* EXERCISE BRIEF:
Exact transcription of the data below is required, without the images.

* DATASET SECTION:
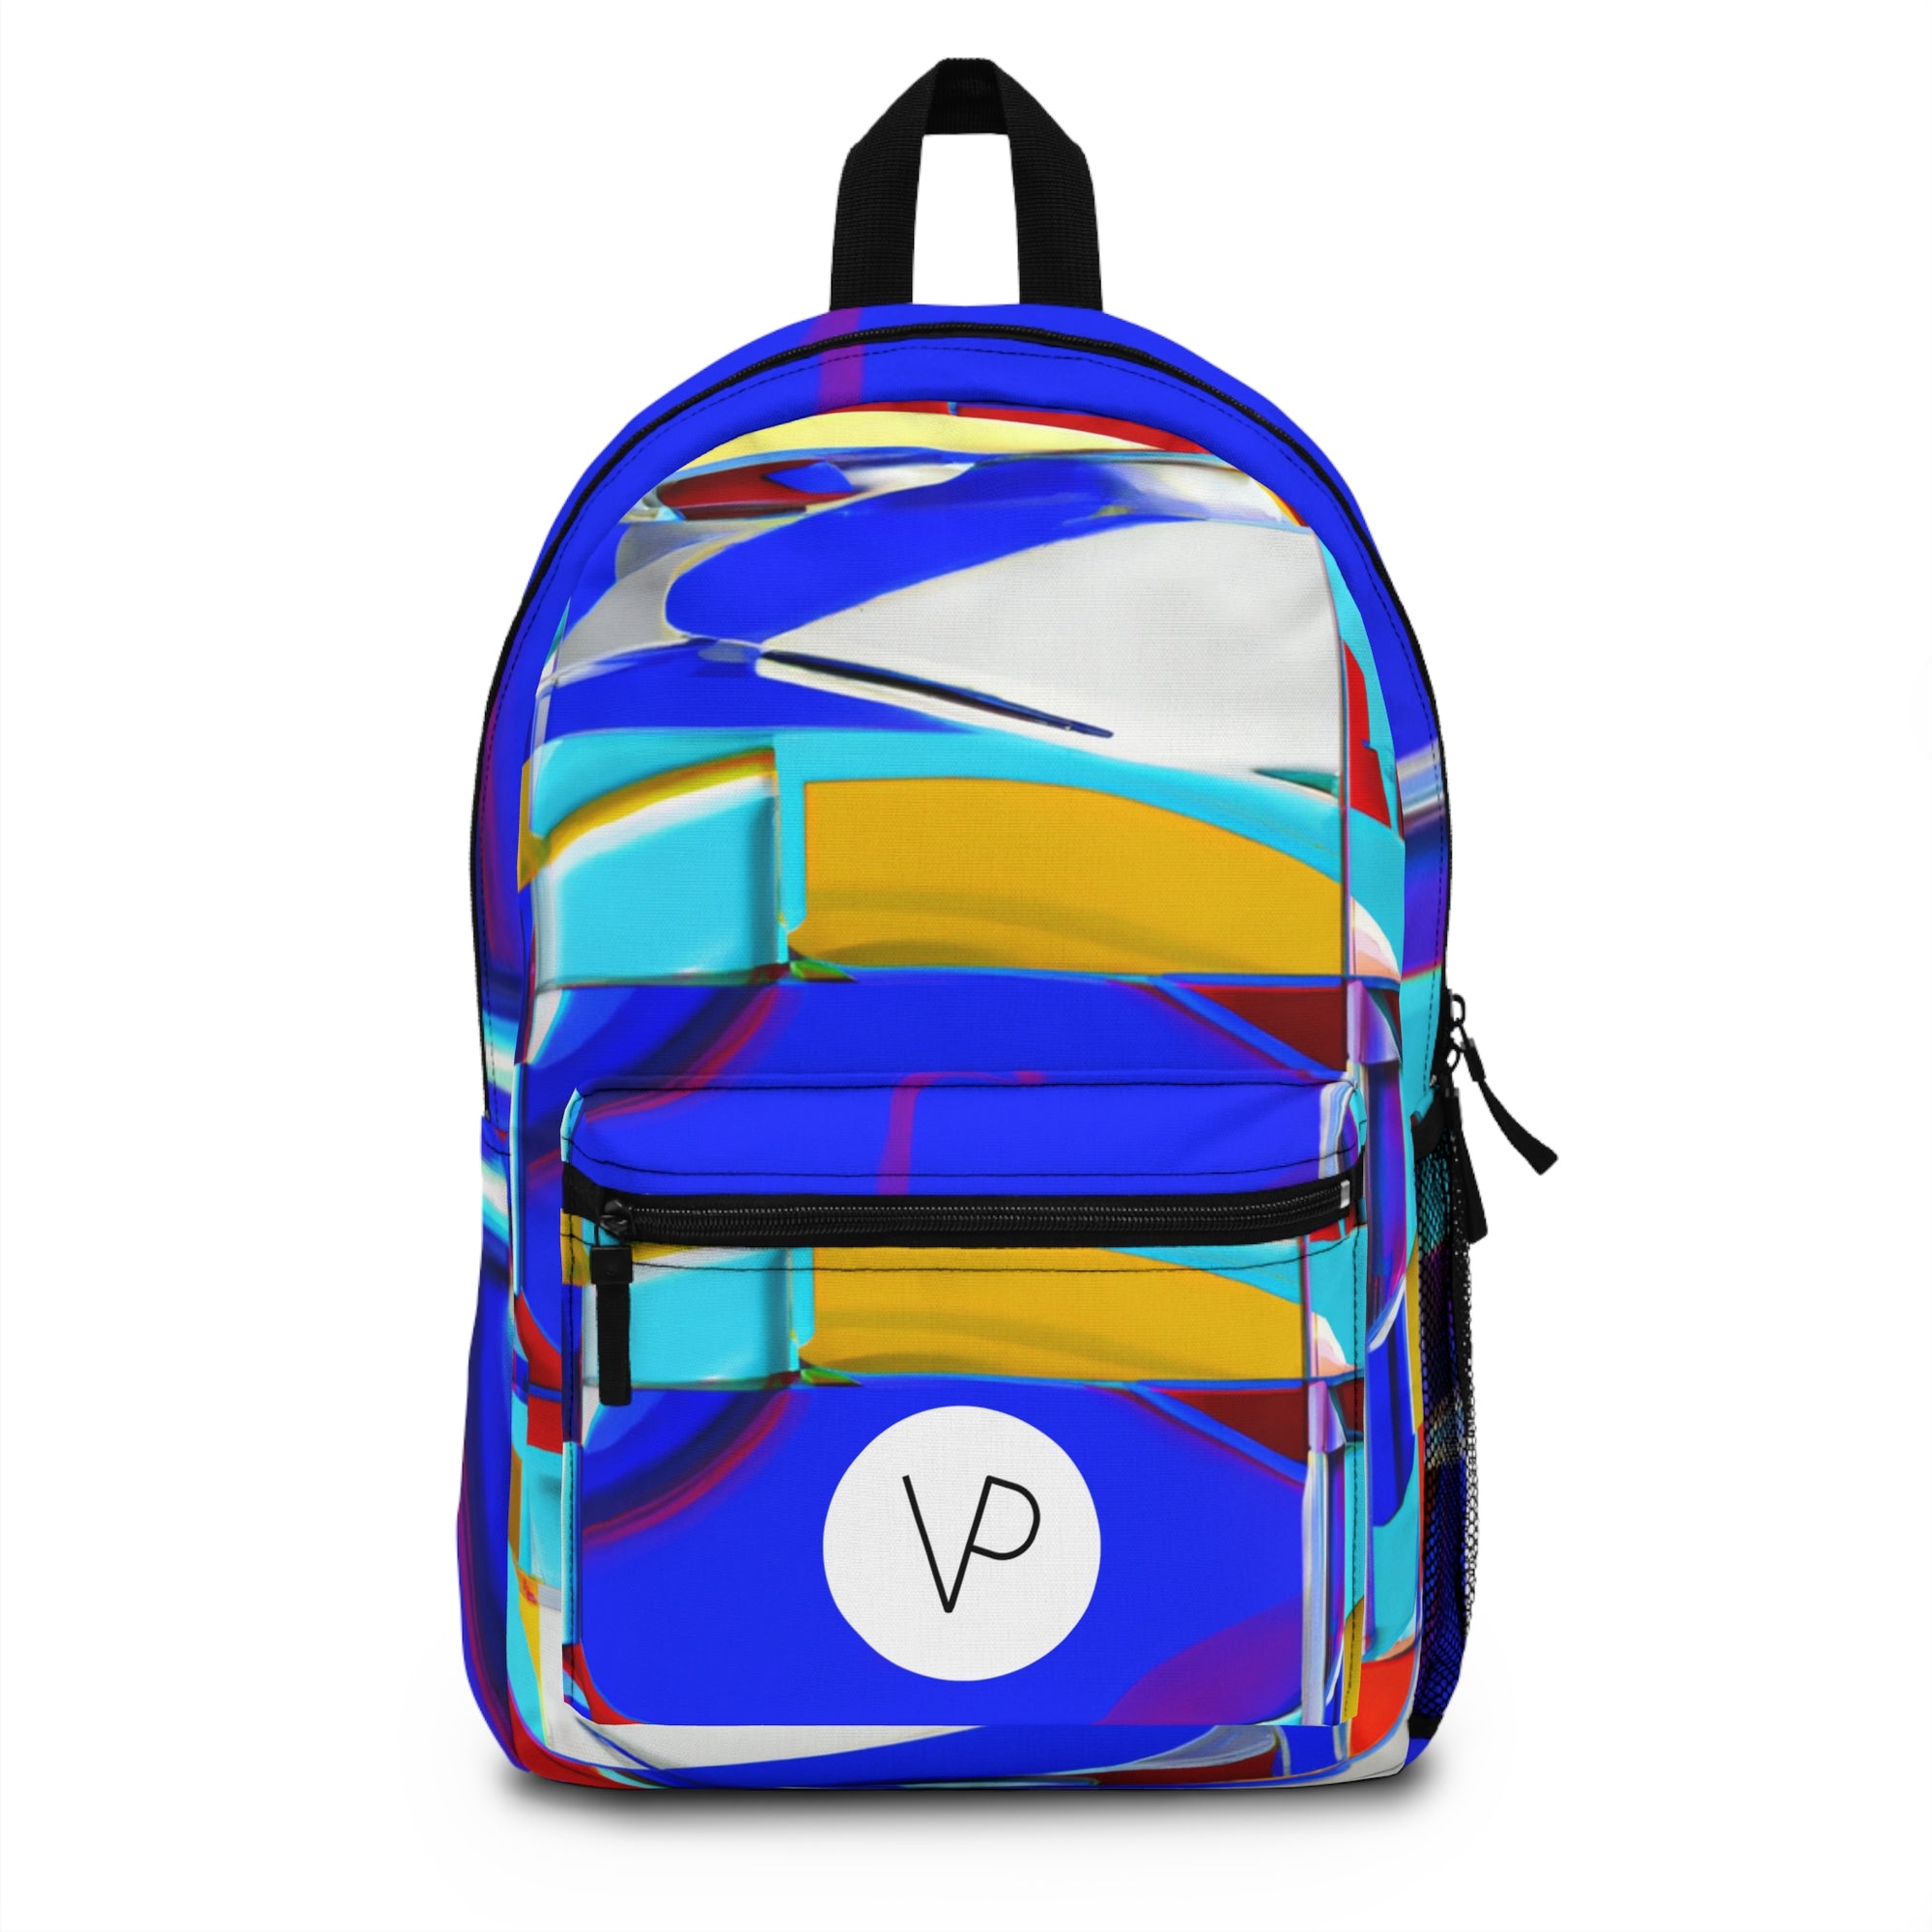 "Find Your Voice"-Backpack
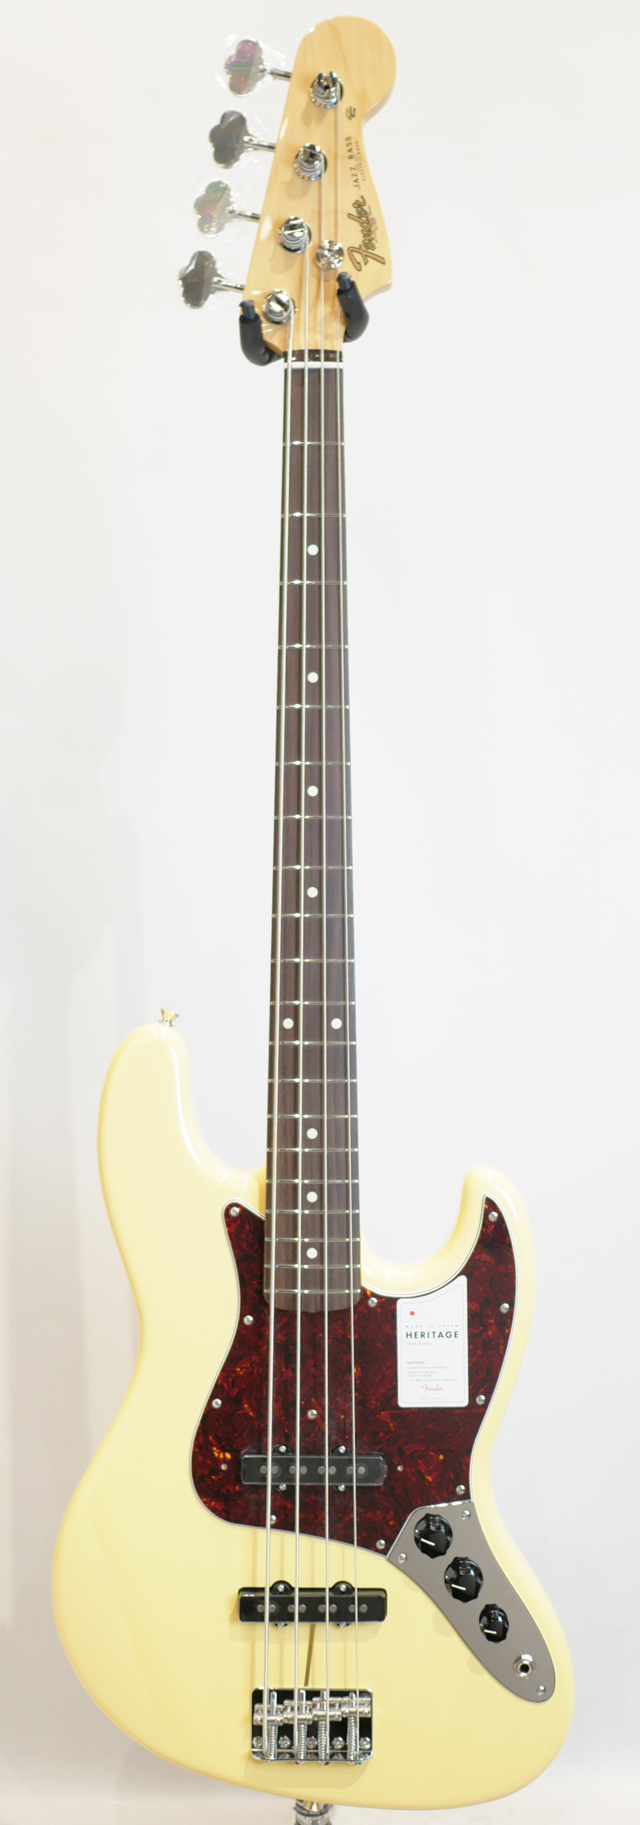 FENDER/JAPAN MADE IN JAPAN HERITAGE 60S JAZZ BASS / Vintage White フェンダー/ジャパン サブ画像2
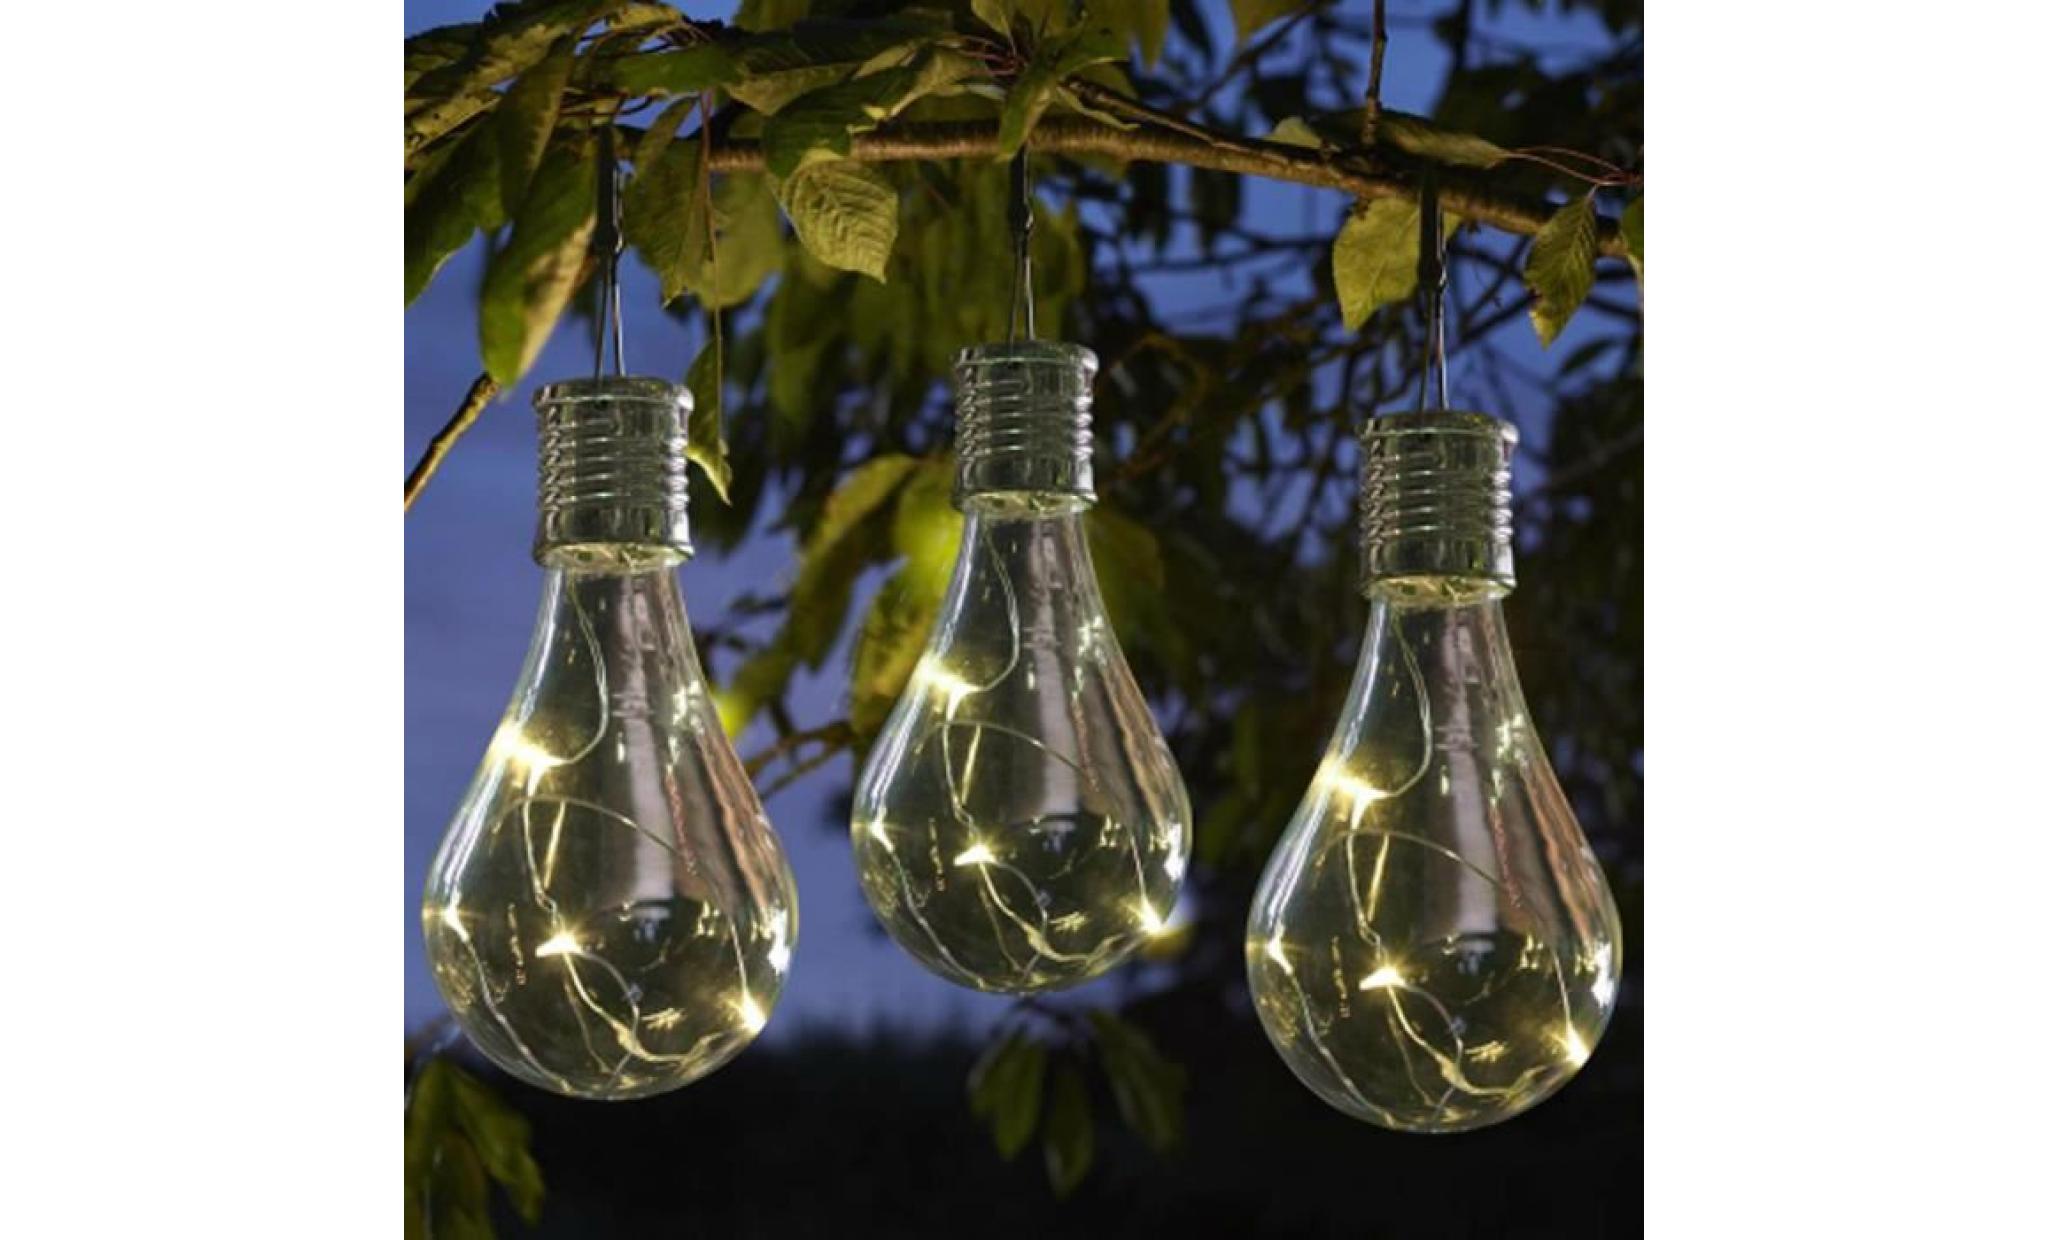 waterproof solar rotatable outdoor garden camping hanging led light lamp bulb  qinhig968 pas cher
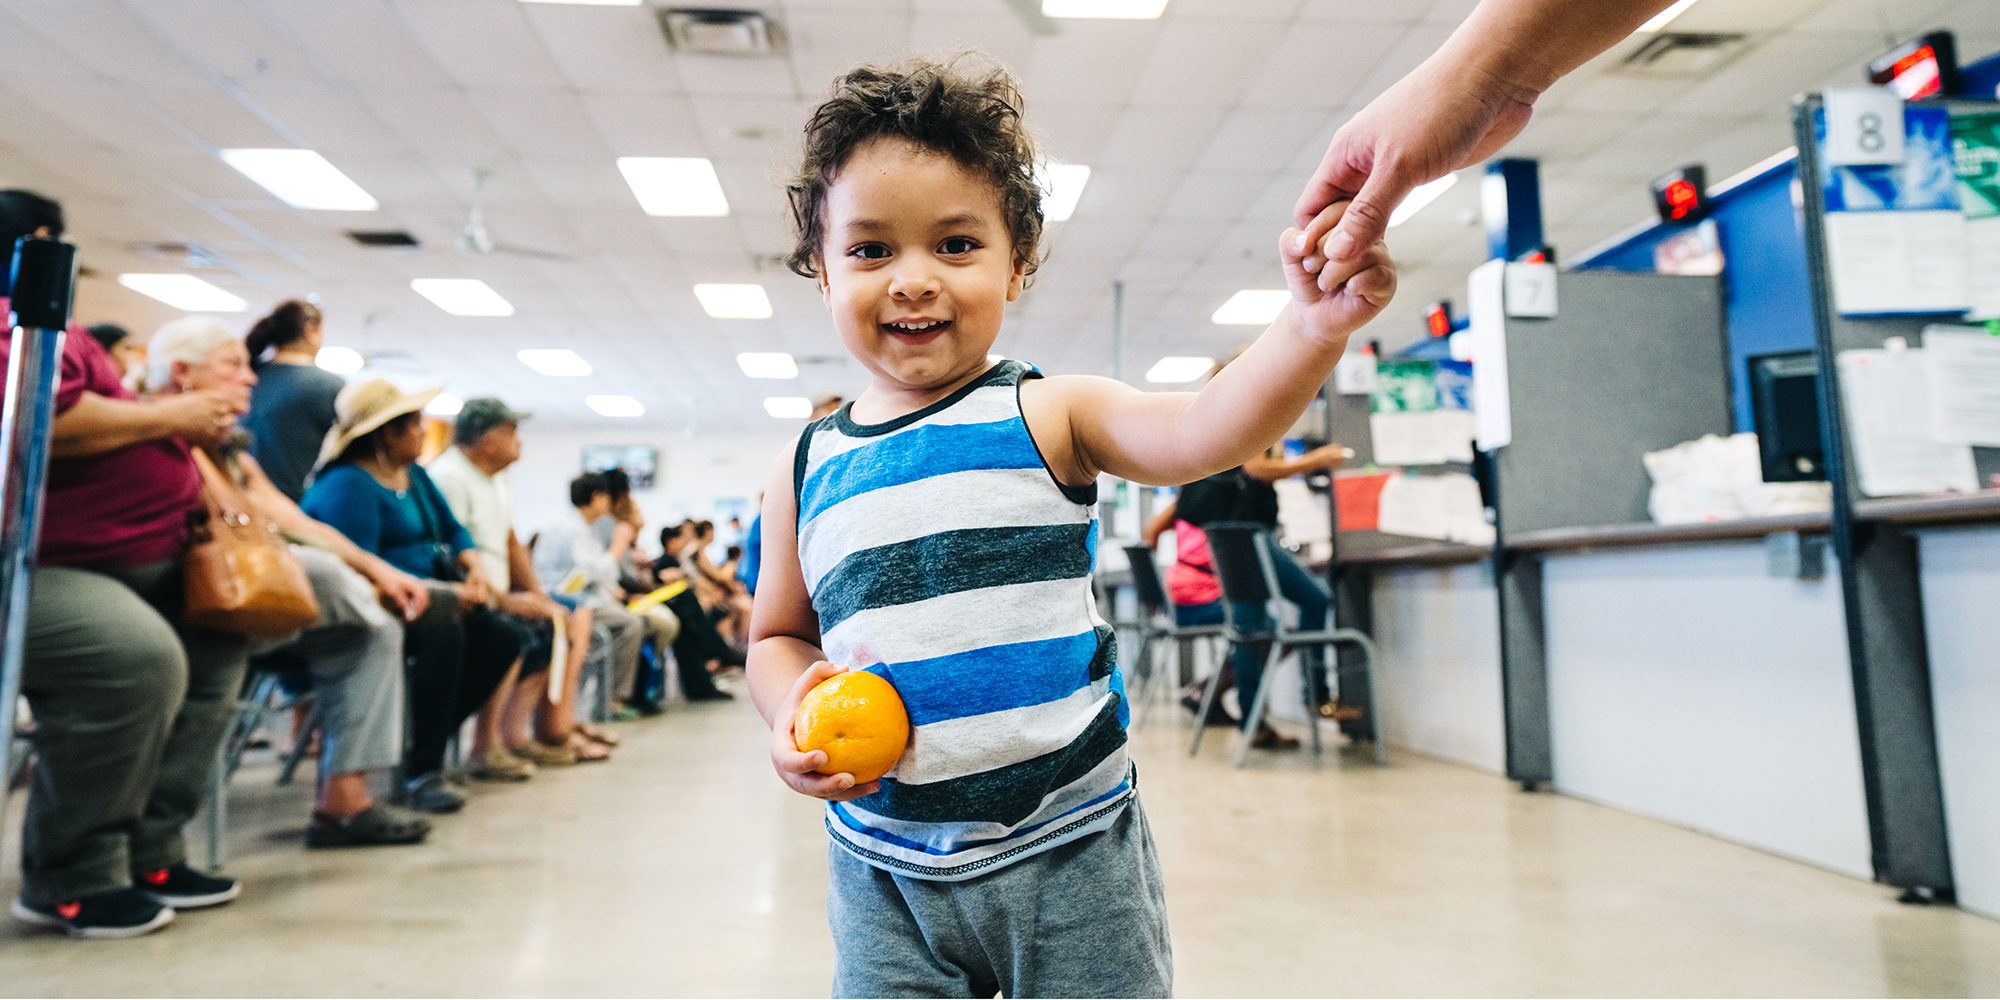 A young boy smiles while holding an orange at a summer meals program

* EXERCISE ANSWER:
 "Find Your Voice"-Backpack
 FENDER/JAPAN MADE IN JAPAN HERITAGE 60S JAZZ BASS / Vintage White フェンダー/ジャパン サブ画像2
 waterproof solar rotatable outdoor garden camping hanging led light lamp bulb  qinhig968 pas cher
 A young boy smiles while holding an orange at a summer meals program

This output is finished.